One tip for doing this, don’t use names such as /xenstore/vm1 for the files containing filesystem images, use names such as /xenstore/vm1-root. If you try to create a virtual machine named “vm1” then Xen will look for a file named “vm1” in the current directory before looking in /etc/xen and tries to use a filesystem image as a Xen configuration file. It would be nice if there was a path for Xen configuration files that either didn’t include the current directory or included it at the end of the list. Including the current directory in the path is a DOS mistake that should have gone away a long time ago.
Psychology and Block Devices
ZFS has a similar design to BTRFS in many ways and has some similar issues. But one benefit for ZFS is that it manages block devices in a “zpool”, first you create a zpool with the block devices and after that you can create ZFS filesystems or “ZVOL” block devices. I think that most sysadmins would regard a zpool as something similar to LVM (which may or may not be correct depending on how you look at it) and immediately rule out the possibility of running a zpool on LVM.
BTRFS looks like a regular Unix filesystem in many ways, you can have a single block device that you mount with the usual mount command. The fact that BTRFS can support multiple block devices in a RAID configuration isn’t so obvious and the fact that it implements equivalents to most LVM functionality probably isn’t known to most people when they start using it. The most obvious way to start using BTRFS is to use it just like an Ext3/4 filesystem on an LV, and to use LVM snapshots to backup data, this is made even more likely by the fact that there is a program to convert a ext2/3/4 filesystem to BTRFS. This seems likely to cause data loss.

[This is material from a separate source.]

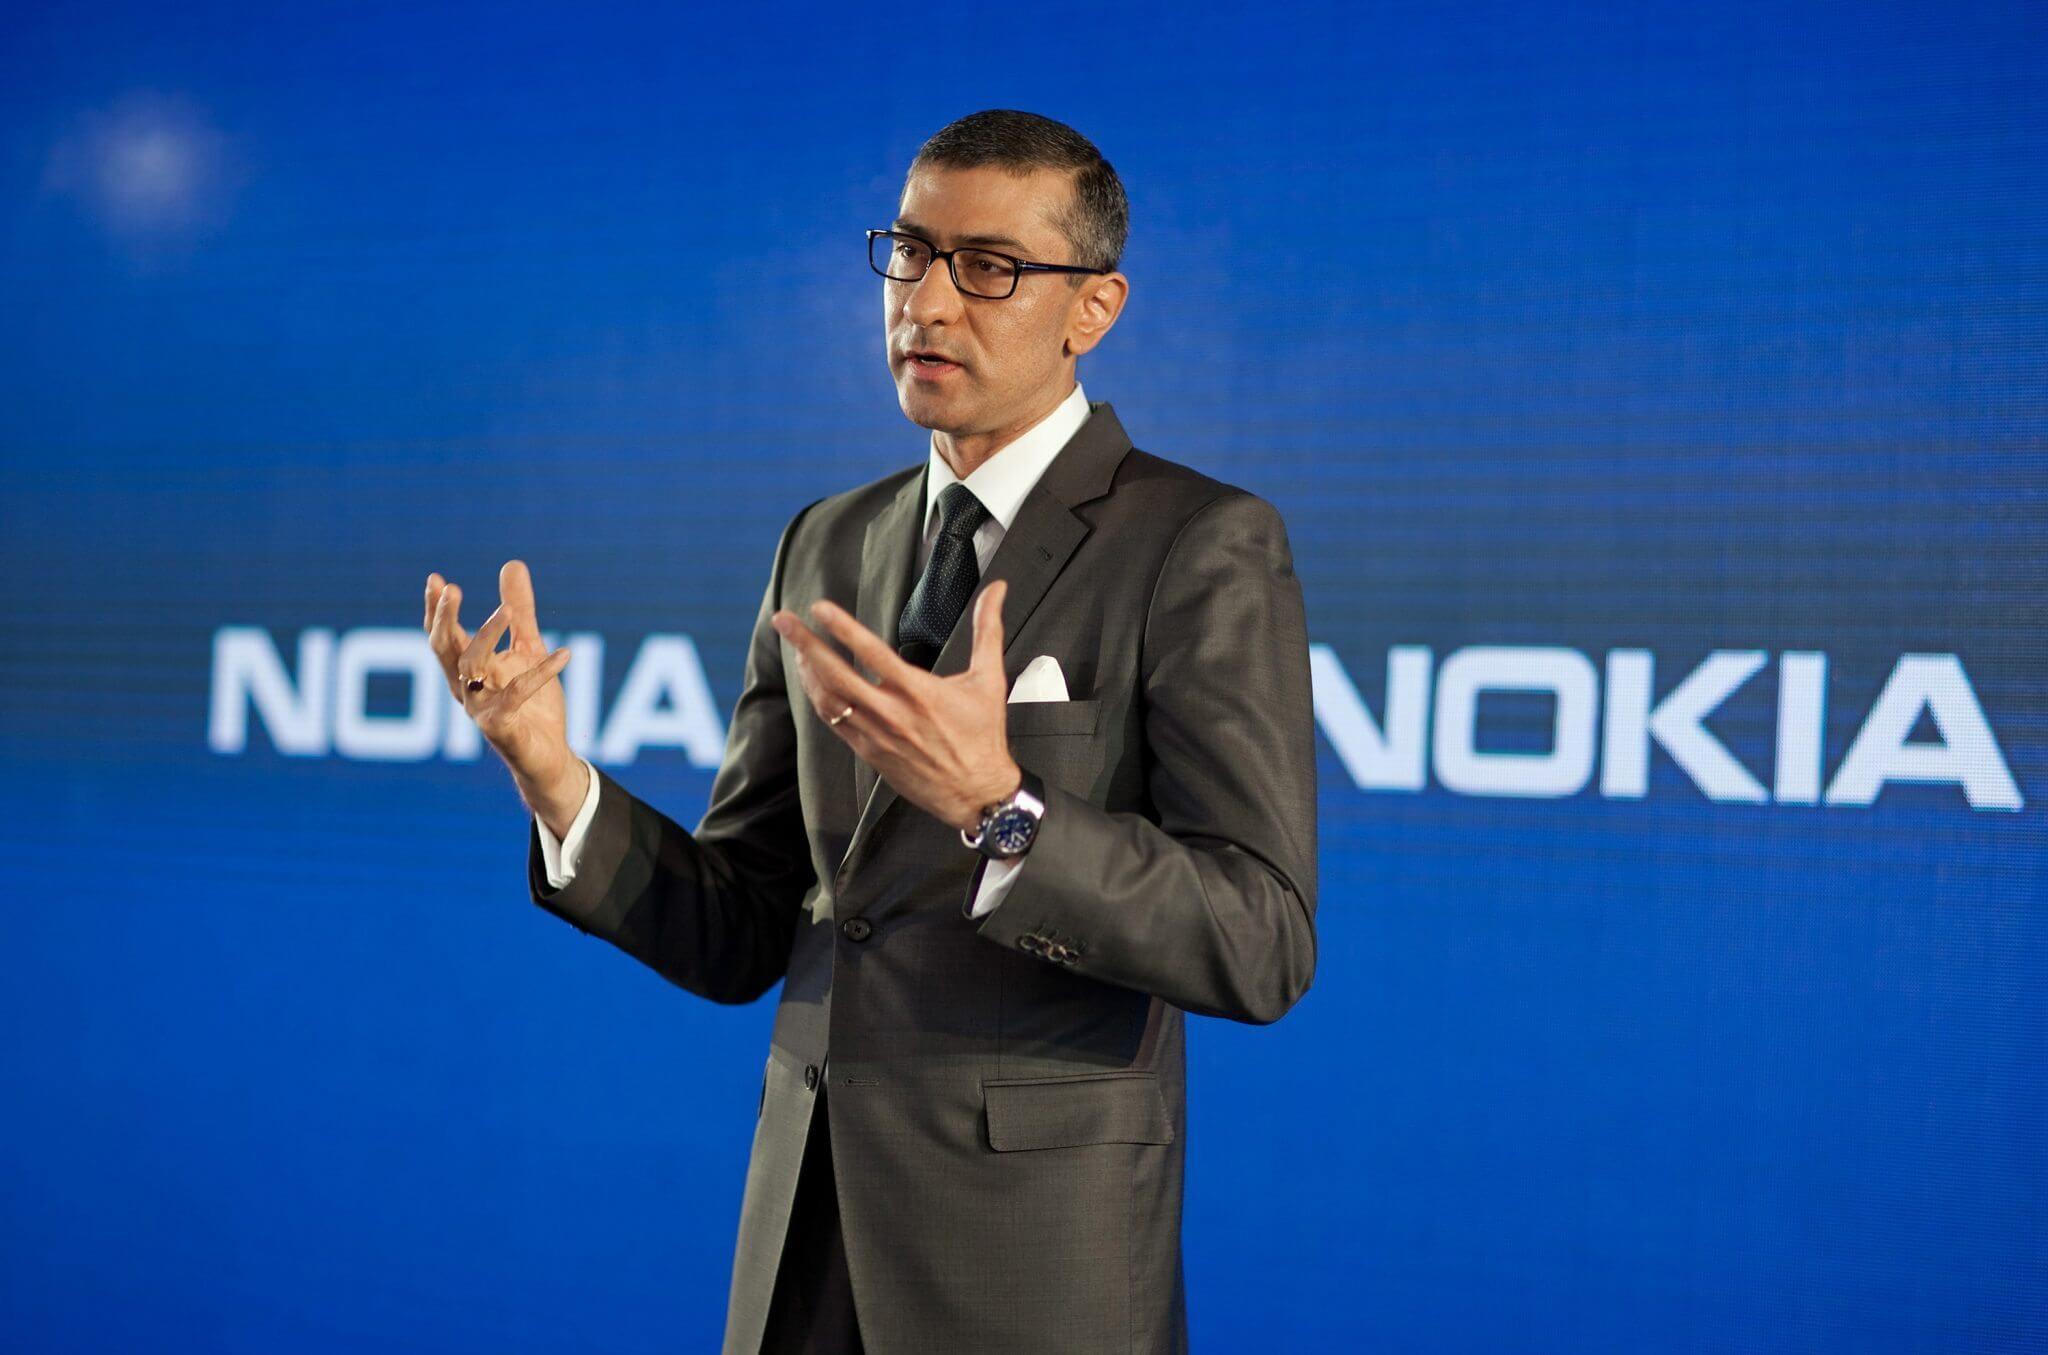 1x 1 - CEO da Nokia confirma que a empresa voltará a produzir smartphones

You should propose your article to LWN !
But –rebuild-tree is a last-ditch recovery operation, not for a normal post-crash fsck, but for where you’ve seriously corrupted the underlying disk blocks, and you want to guess what they originally meant. In 10 years well-served by reiserfs I’ve had to use it only once, where I reconstituted a failed RAID5 with a disk that had been ejected from it several days prior. It’s an amazing feature for getting lost data back, but you cannot trust the integrity of such a powerful restore operation; deleted files could come back and have other users’ data in the middle of them I guess.
Sytoka: I don’t think that LWN works that way. I’ve had my blog posts in the “quote of the day” section of LWN so I’m sure that Jon would contact me if he wanted to republish anything.
That said I might offer to write an article for LWN at some future time.
Steven: It’s true that –rebuild-tree is a last resort, but it’s something I’ve done a few times. Even if it was really uncommon it shouldn’t cause security problems.